Your car's engine may race, but if you don't put it in gear, it can't drive anything. Same for the noise in your mind.

Whoever first told people they needed to learn to silence their mind was a sadistic bastard who's messed up generations. The thoughts can stay; you just need to recognize that this noise is not you. You are not the narration; the mental tickertape. Meditation opens some space between you and your noisy mind (I do this stripped down, super efficacious practice, plus this breathing practice, and I steer well clear of the rest of the web site) and each micron of additional separation is like creamy dreamy bliss.

With some space between thinker and thoughts - aka perspective - we remember that we're here to enjoy immersive entertainment. We never needed to carry the pain of the world around with us (for more on carrying burdens, read this, plus the articles linked at the bottom of that page).

Meditate and you'll never be more than a breath away from easily/comfortably abiding in the moment. It doesn't make you lazy. Do I seem lazy?

The Mechanics of Falling Asleep (the real yoga stuff)

Memorize this sequence, to be repeated every time you go to bed. But (important) don't think about it or practice it outside of bedtime. Reserve this and protect it.

Once you've lied down and turned out the light:
1. Un-smile your face

2. Droop into gravity.

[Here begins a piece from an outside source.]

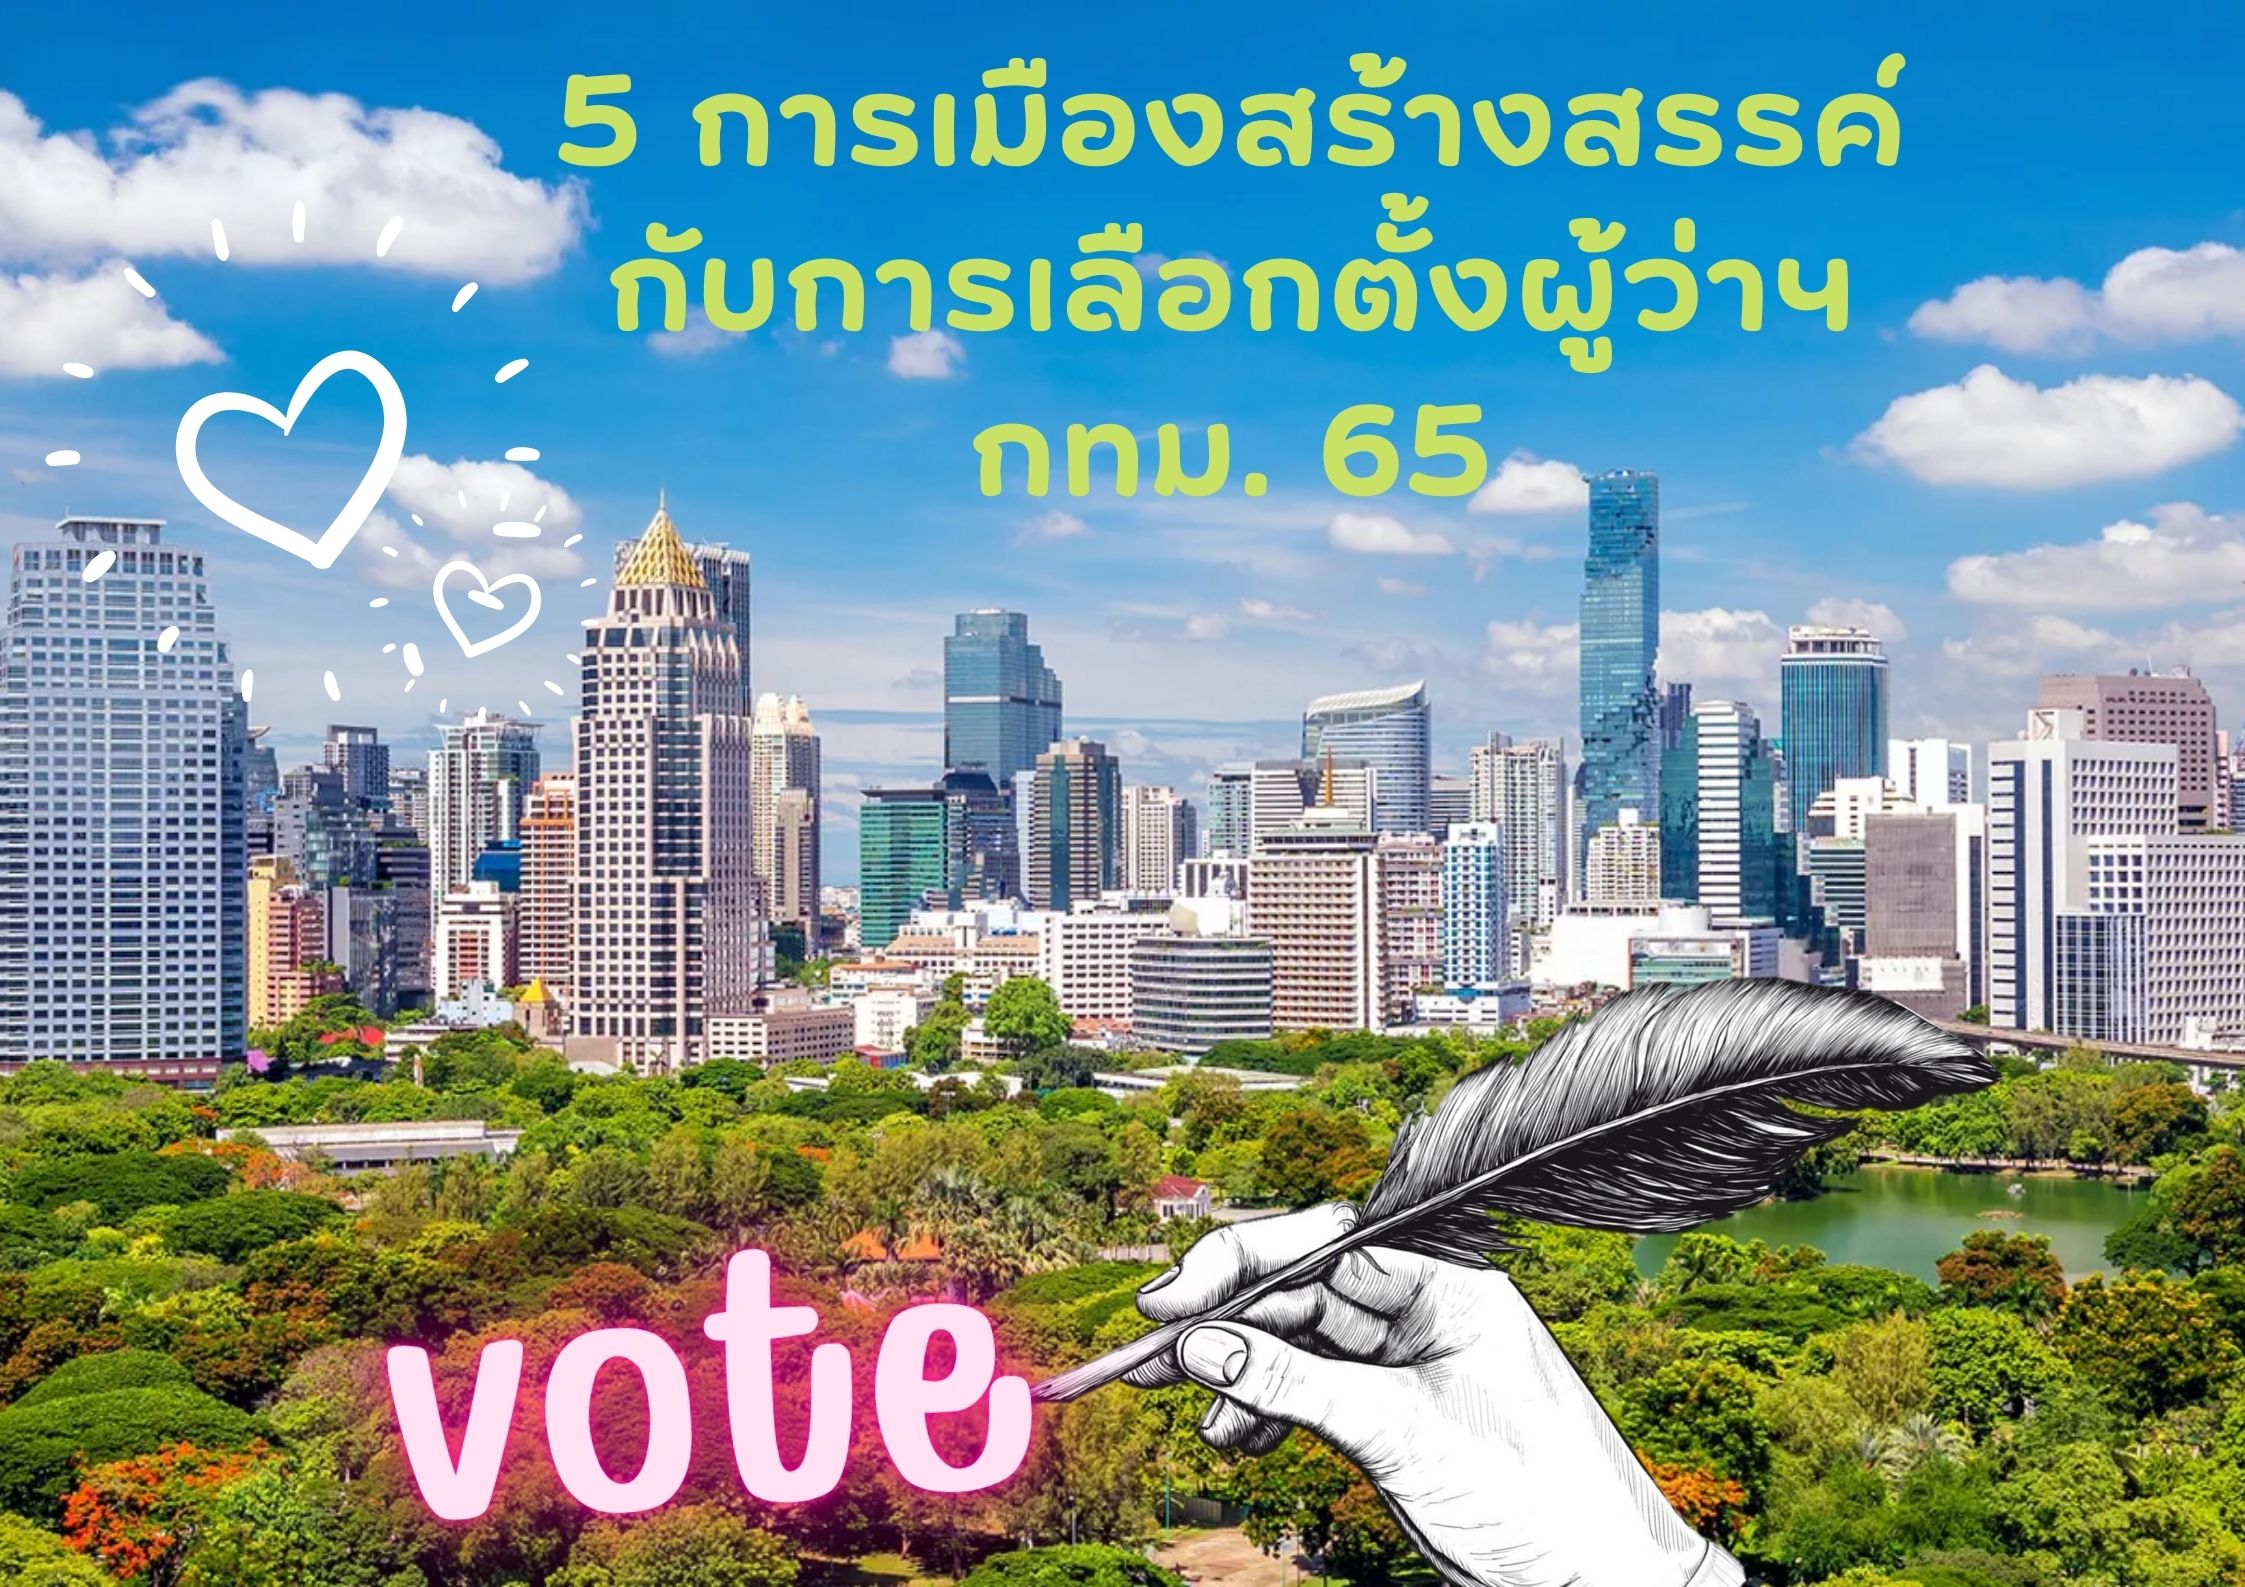 5 เมืองสร้างสรรค์กับการเลือกตั้งผู้ว่าราชการกรุงเทพมหานคร 2565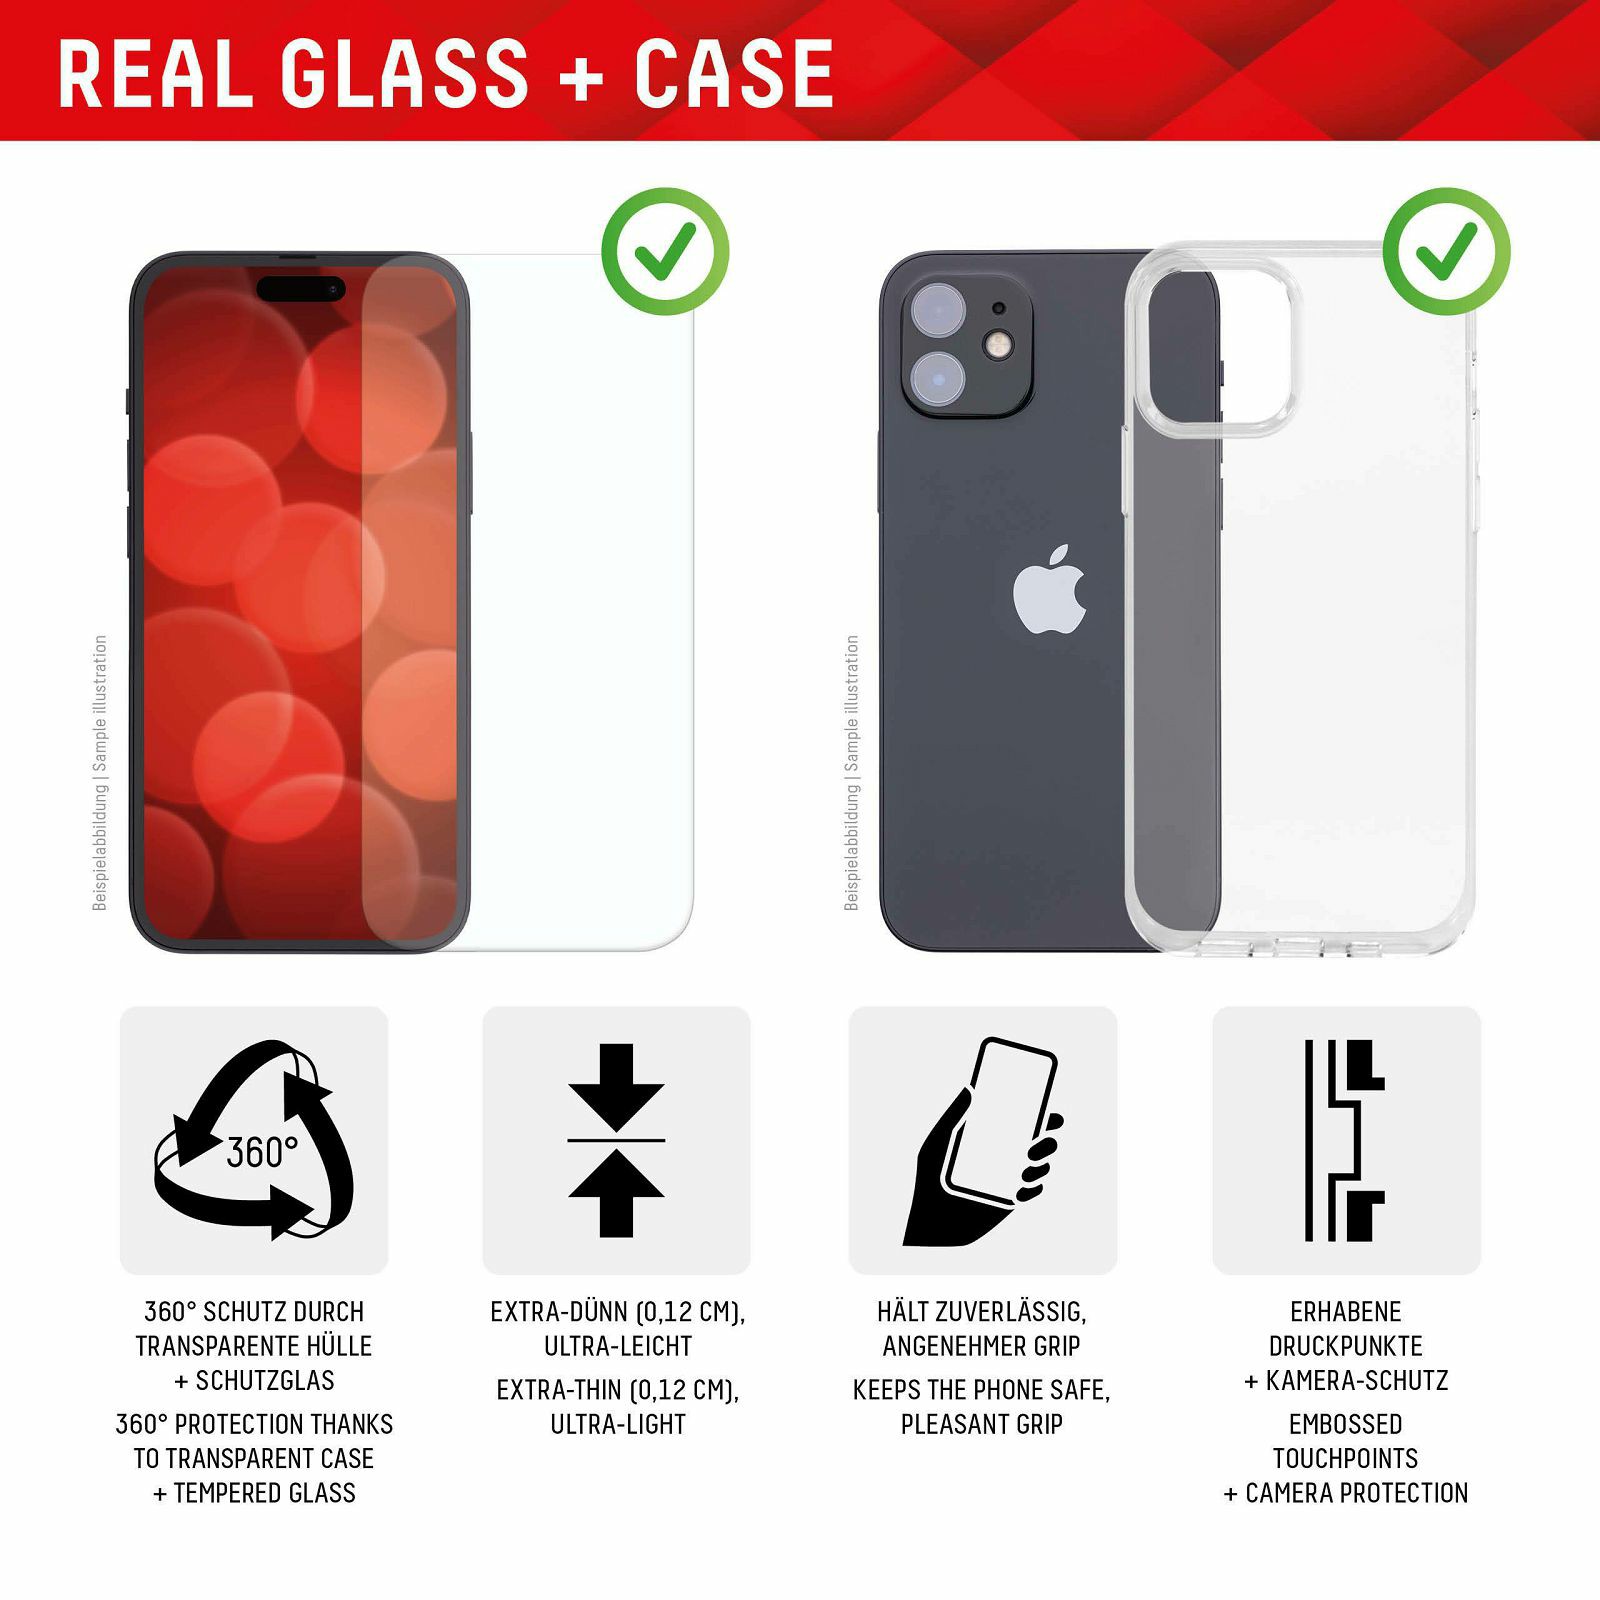 displex-zastitno-staklo-maskica-real-glass-2d-case-za-iphone-80083-181729_46628.jpg

Then droop some more. Then recognize that you're hardly drooping at all. Contemplate how your body would have drooped if you were to wake up in this position, and droop that much. Emulate what your body's doing when you wake up. Don't obsess over this. Limit it to 10-20 seconds. Don't let it be an "activity", just bake it into your going-to-sleep protocol.

3. Add an imaginary 5 pounds to your head's weight, and let it drop squarely into your pillow. Notice how the pillow tenderly accepts the weight. Your pillow is there for you.

4. Let your thoughts drop into your pillow. Don't try to quiet or silence them, let them percolate, but simply let them drain down into the pillow (and from there, into the bed, the floor, and the earth). Notice the pillow's tender receptivity. It wants to suck out your thoughts. It's eager to do so. It's like a vacuum.

5. Briefly and lightly test yourself. Think something mildly stressful. Some task you need to do or some person you're mad at. When you see stress approaching a few hundred yards away, let it drain into your pillow. Again, do this "briefly and lightly". Don't turn it into an activity. Keep it under 10 seconds (5 seconds with practice). All of the above steps are doable in under 30 seconds, total. Do them rotely, like tooth brushing.

6. At this point, know that you ARE asleep! You only assume you're not out of pure skepticism. Let your skepticism, along with the other thoughts, drop down into the tenderly receptive pillow. The "I'm still awake/I can't sleep" thought is just another thought to drain into the pillow and into the earth. It's not some higher, special-case thought. You ARE asleep. All you need to do is let the skepticism gently drain.

If necessary, repeat the sequence. But don't expect that to be necessary, because, again, you ARE, at this point, asleep (the only problem is lingering skepticism). As a last resort, mentally intone your mantra (assuming you've been meditating, per suggestion above).